The bureaucrat hesitated. “Once. . . I was young.”
“Then I don’t have to tell you that it’s a rigged game. Anyone foolish enough to play by the rules is going to lose. I had mastered the standard means of cheating — tapping in extra data sources, relaying your opponent’s signal through a millisecond-delay circuit, all the usual — and enjoyed a local reputation as a mind warrior. But Gregorian beat me three times running. I had a mistress, an Inner Circle bitch with those aristocratic near-abstract features that take three generations of intensive gene reworking to achieve. He humiliated me in front of her and his father and what few friends I had.”
“You met his father? What was he like?”
“I have no idea. It was edited out before we left the halls. His father was somebody important who couldn’t afford to be connected with the games. All I remember of him was that he was there.
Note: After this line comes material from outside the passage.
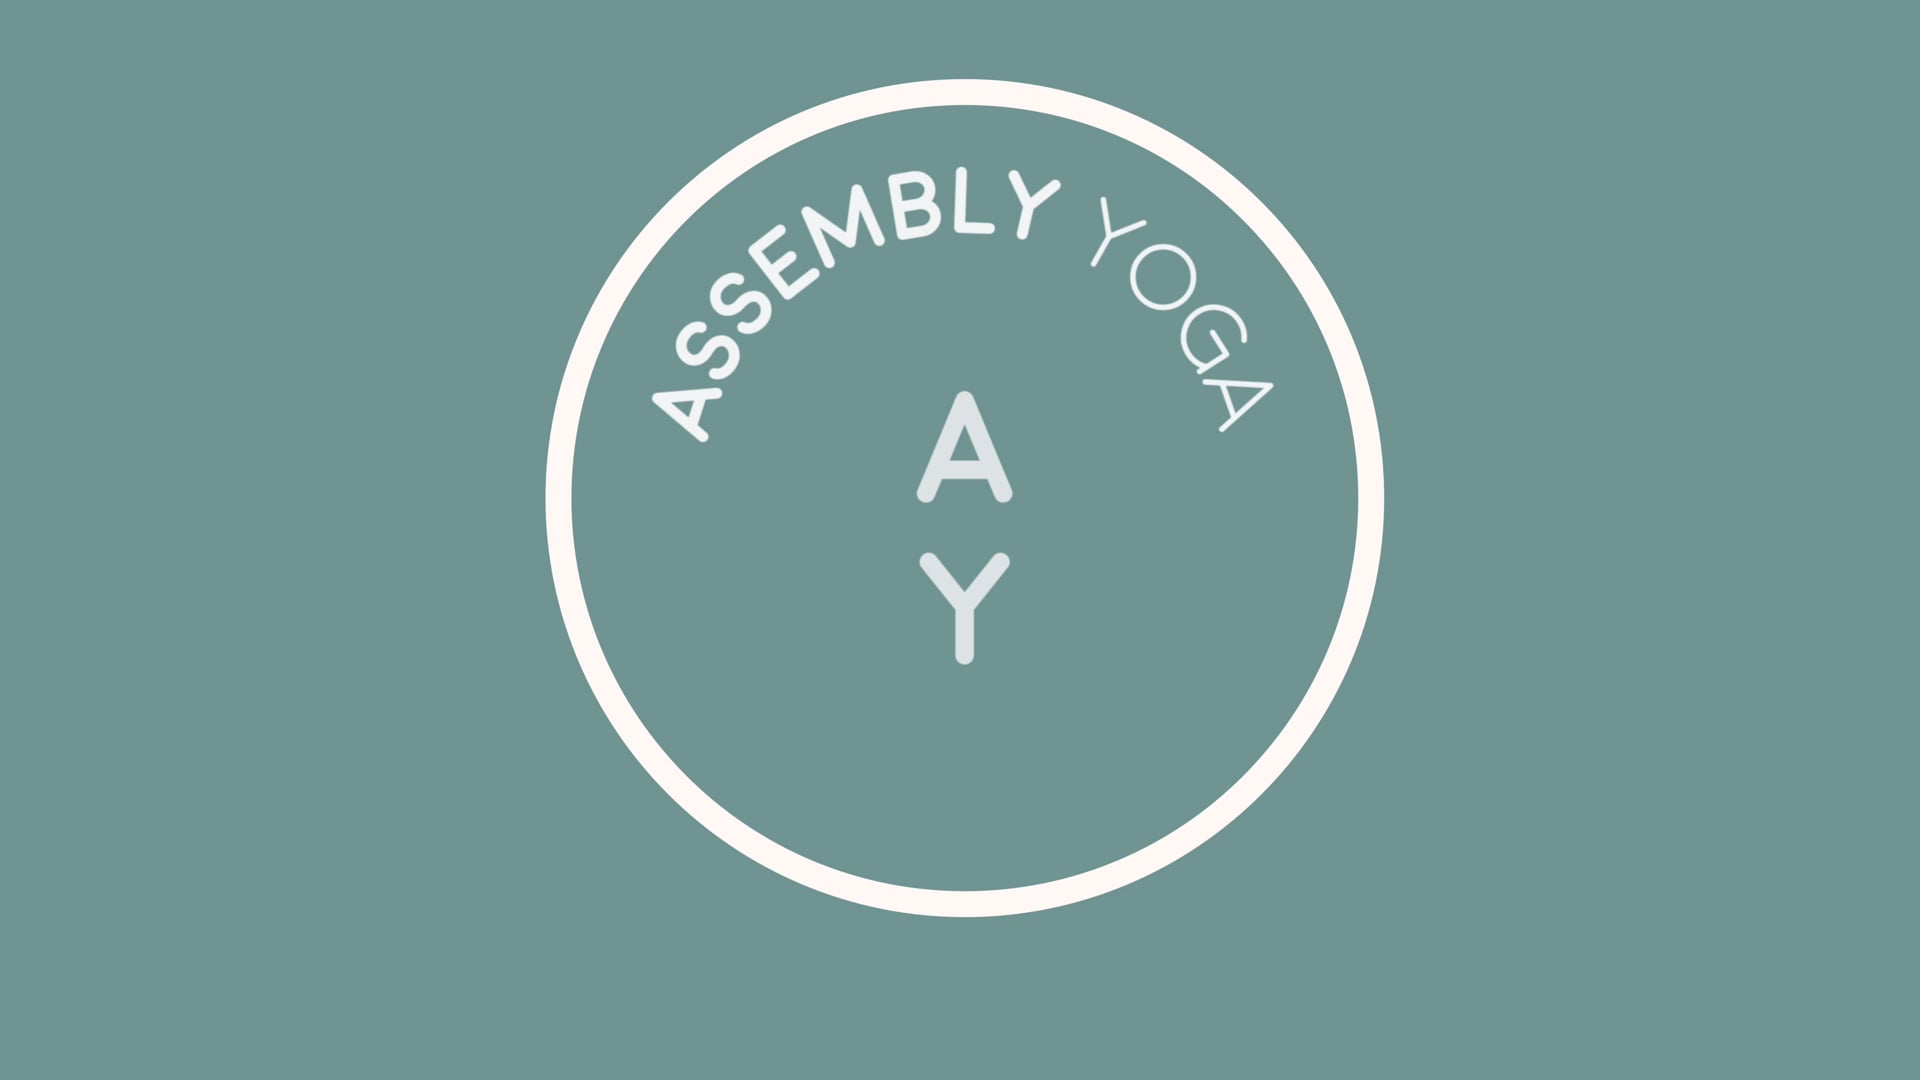 Introduction To Assembly Yoga

“A year later I returned home to the Tidewater with Gregorian beside me. We shared a room at my parents’ hotel as if we were close friends. By then, antipathy had blossomed into hatred. We’d agreed to have a wizard’s duel — three questions each, winner take all.
“The night we went in search of the maddrake root was wet and starless. We dug by the paupers’ boneyard, where we would not be disturbed. Gregorian straightened first, hands all mud. I have it, he said. He snapped the root in two and held it to my nose. Maddrake has a distinctive odor. It was only after I had swallowed my half that — that smile of his! — it occurred to me that he might have rubbed his hands with maddrake sap and offered instead the halfaman root, which is a close cousin but can be counteracted with a simple antidote. Too late. I had to trust him. We waited until the trees burned green to their cores and the wind spoke. Let us begin, I said.
“Gregorian leaped up and walked through the bones with his arms out, making the skeletons rattle. They were not well maintained, of course. The paint was faded, and half the bones had fallen to the ground so that we trod them underfoot. The death-forces flowed up from them and crawled under my skin, and that made me bold. I felt strong with death. Turn and face me, I commanded. Or are you afraid?